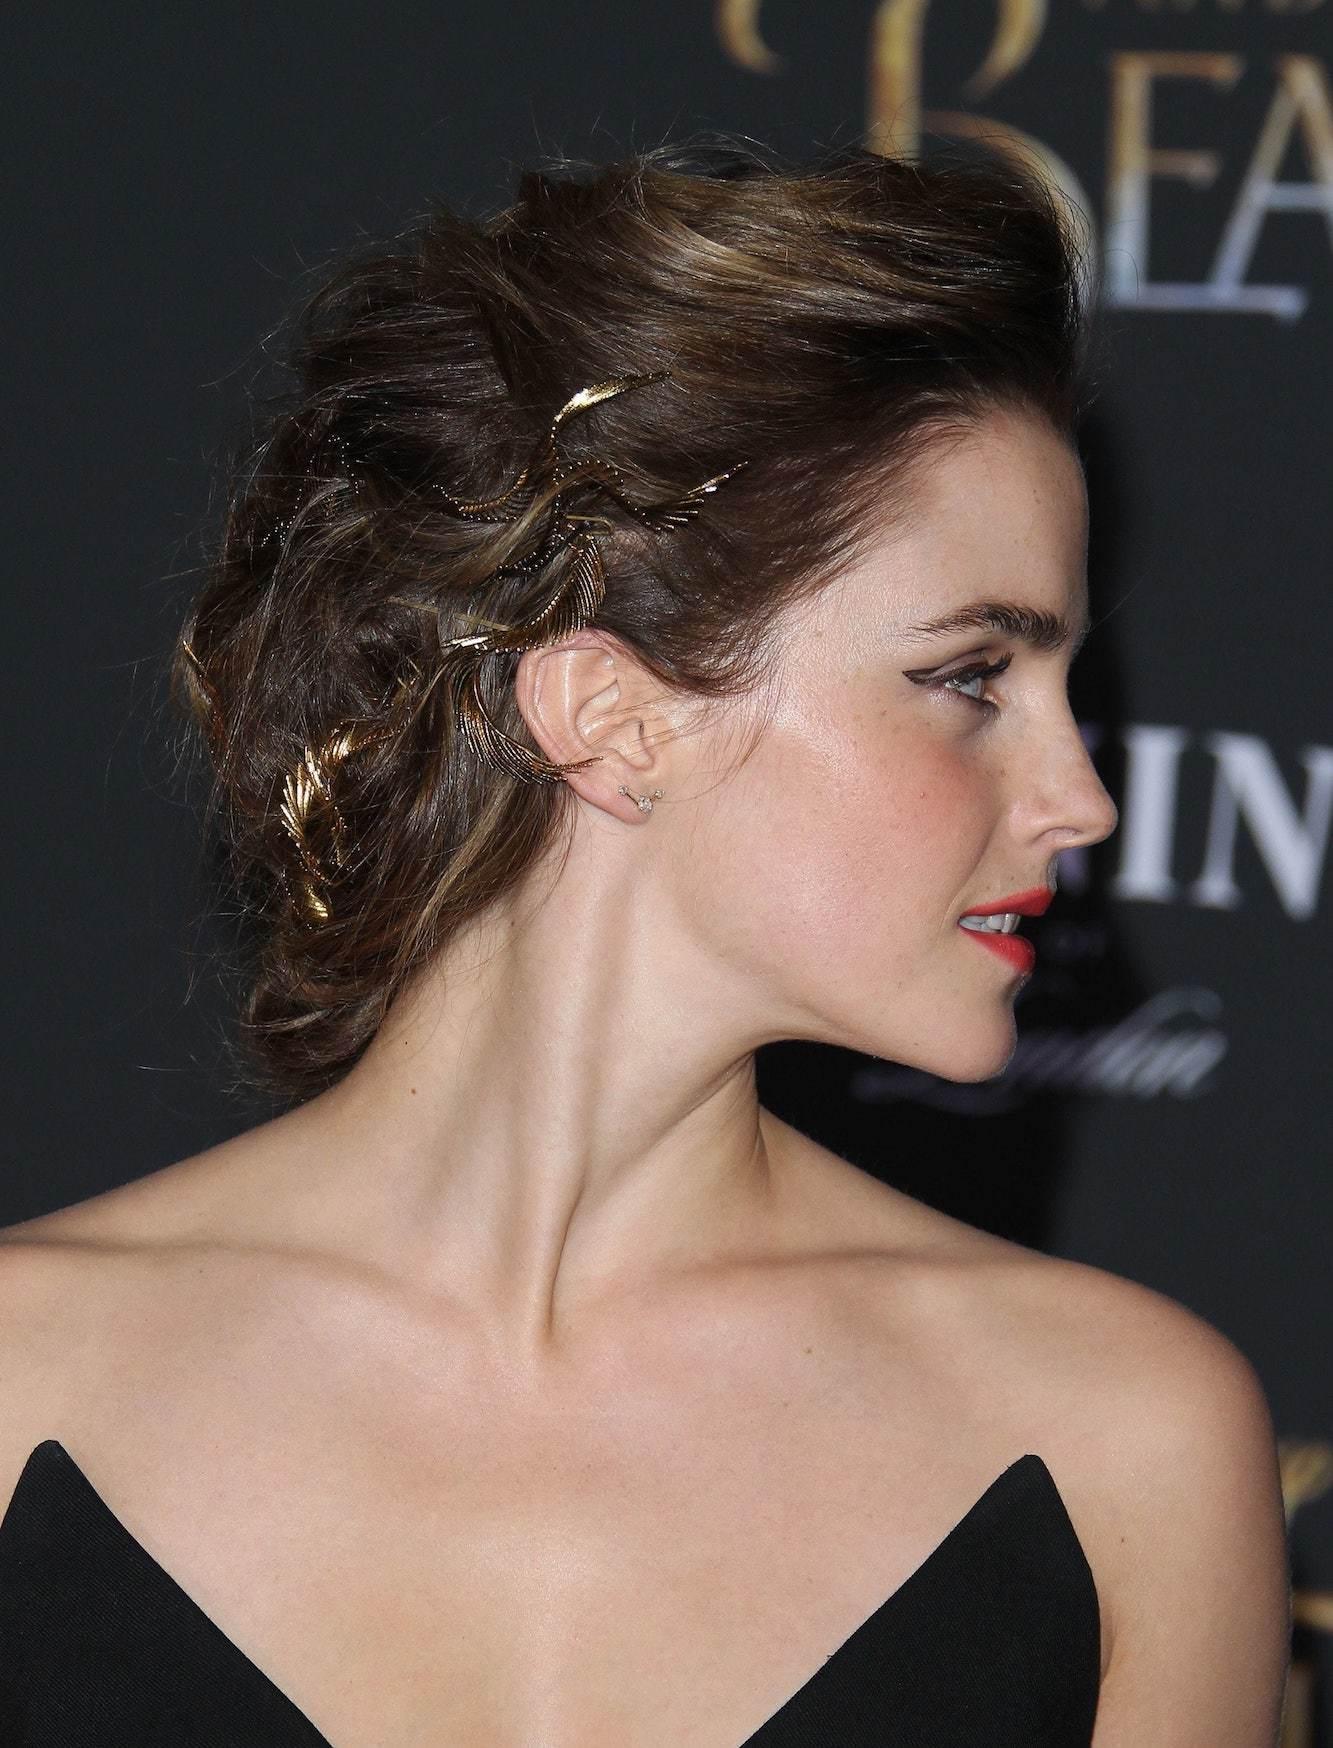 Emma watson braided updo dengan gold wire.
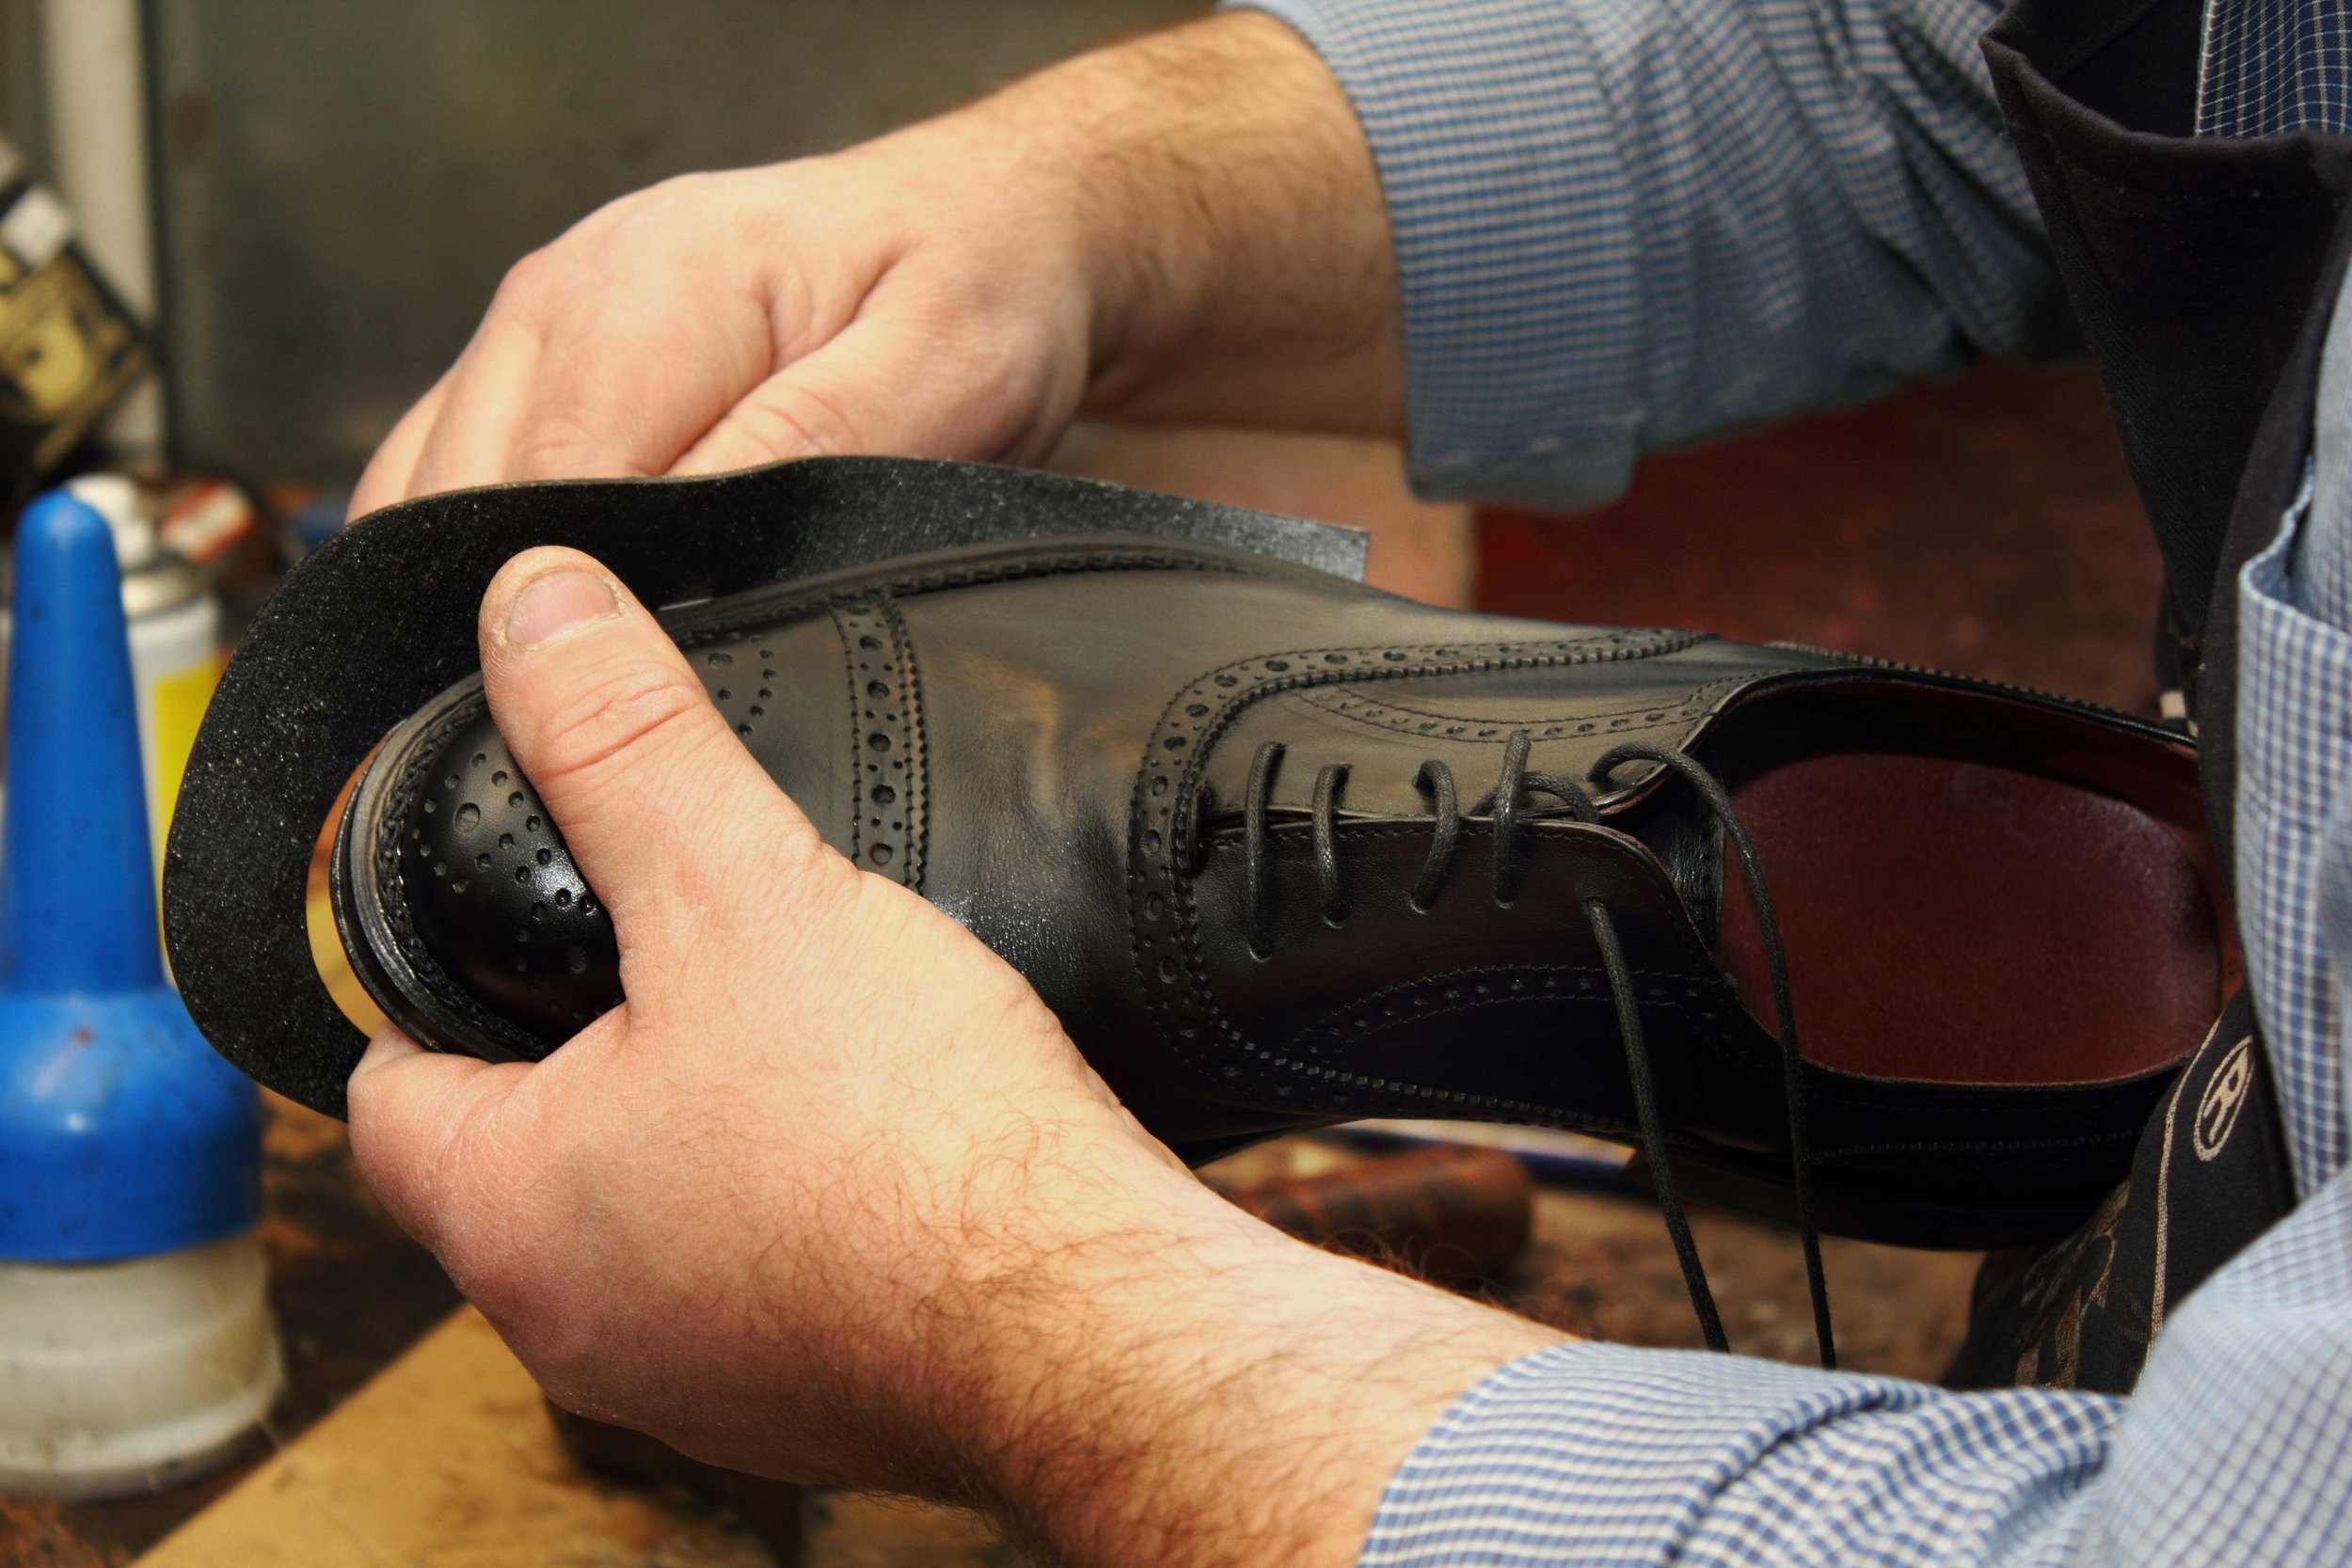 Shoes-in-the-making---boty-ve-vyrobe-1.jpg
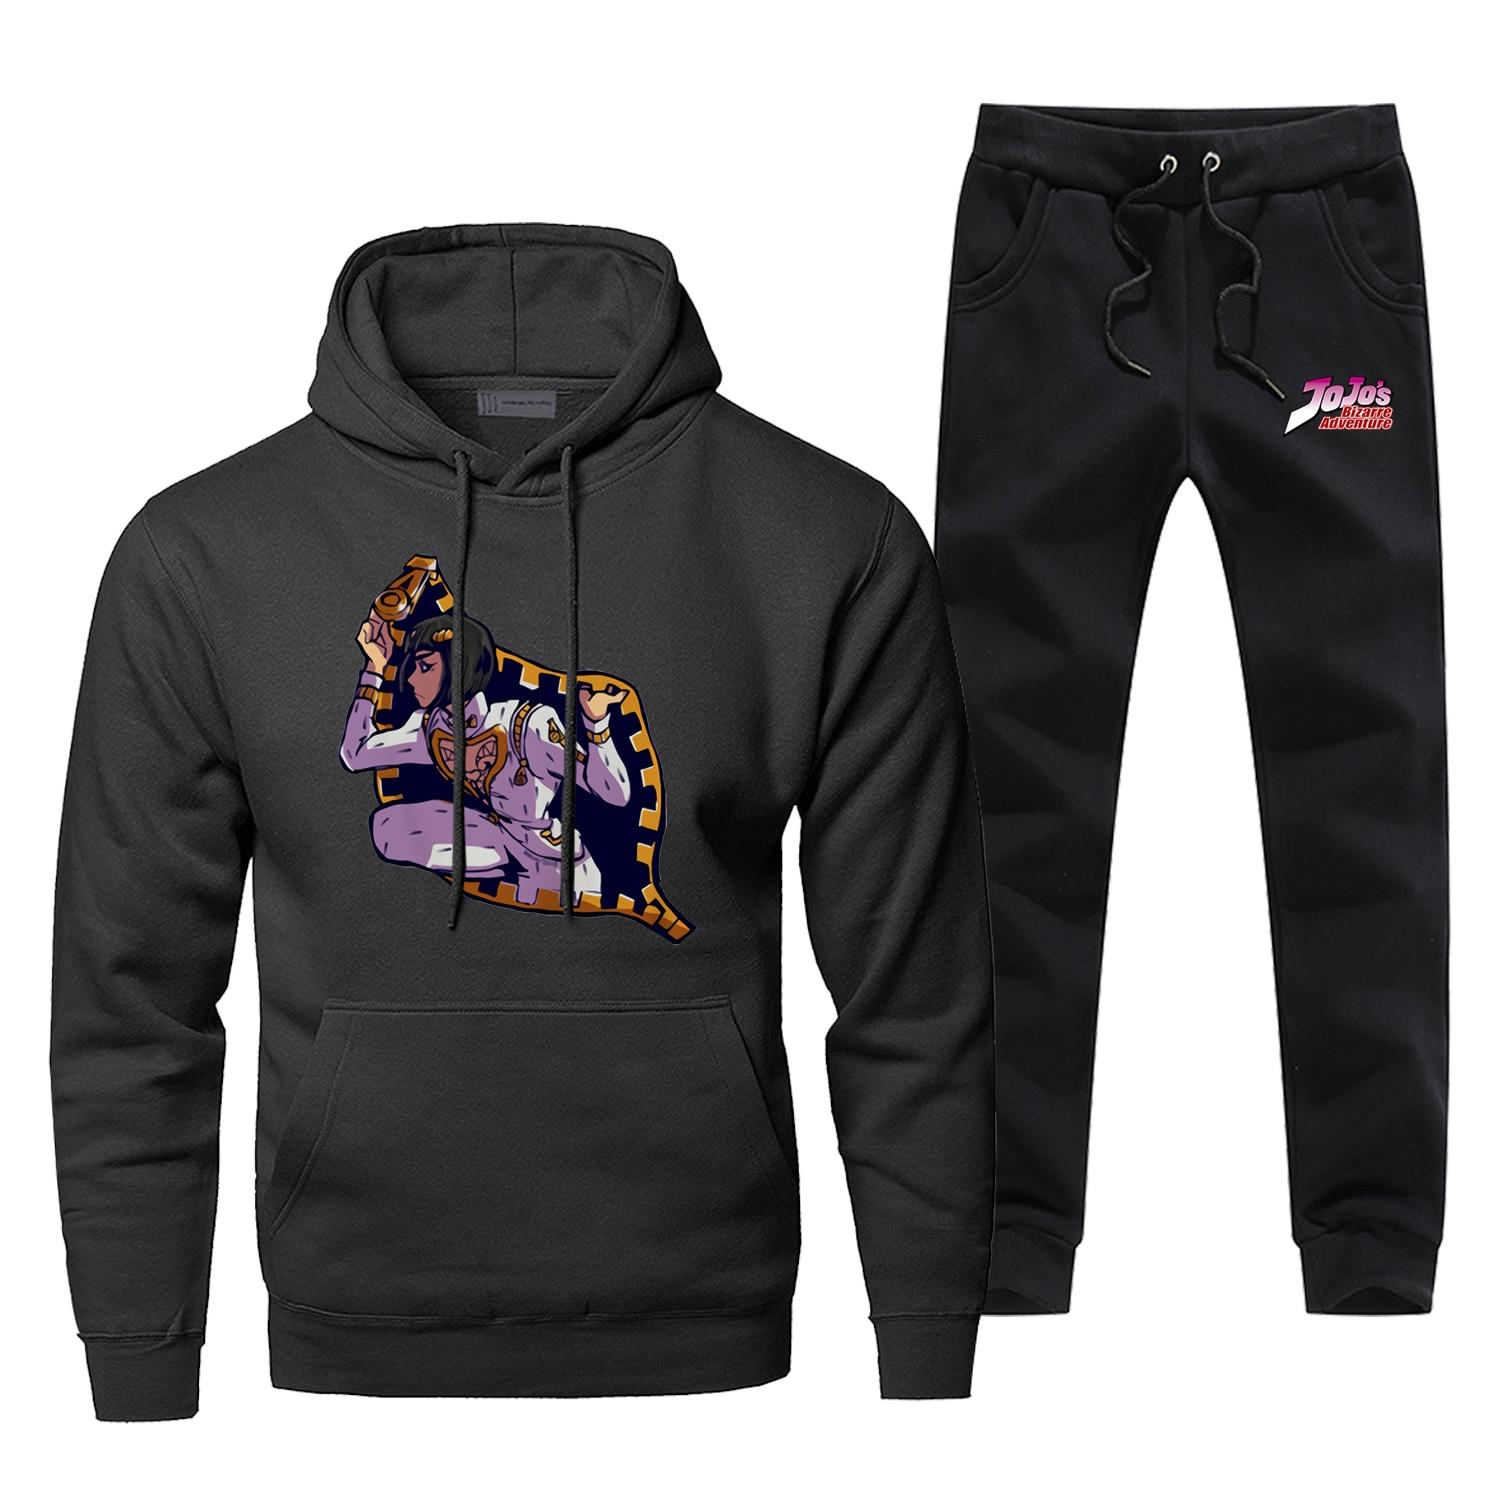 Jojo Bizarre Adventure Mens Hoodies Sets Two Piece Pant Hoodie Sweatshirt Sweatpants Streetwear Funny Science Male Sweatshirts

■ ■ ■ ■ ■

Task details: Reproduce the entire listing above precisely, but keep the images out.

Task solution:
 Emma watson braided updo dengan gold wire.
 Shoes-in-the-making---boty-ve-vyrobe-1.jpg
 Jojo Bizarre Adventure Mens Hoodies Sets Two Piece Pant Hoodie Sweatshirt Sweatpants Streetwear Funny Science Male Sweatshirts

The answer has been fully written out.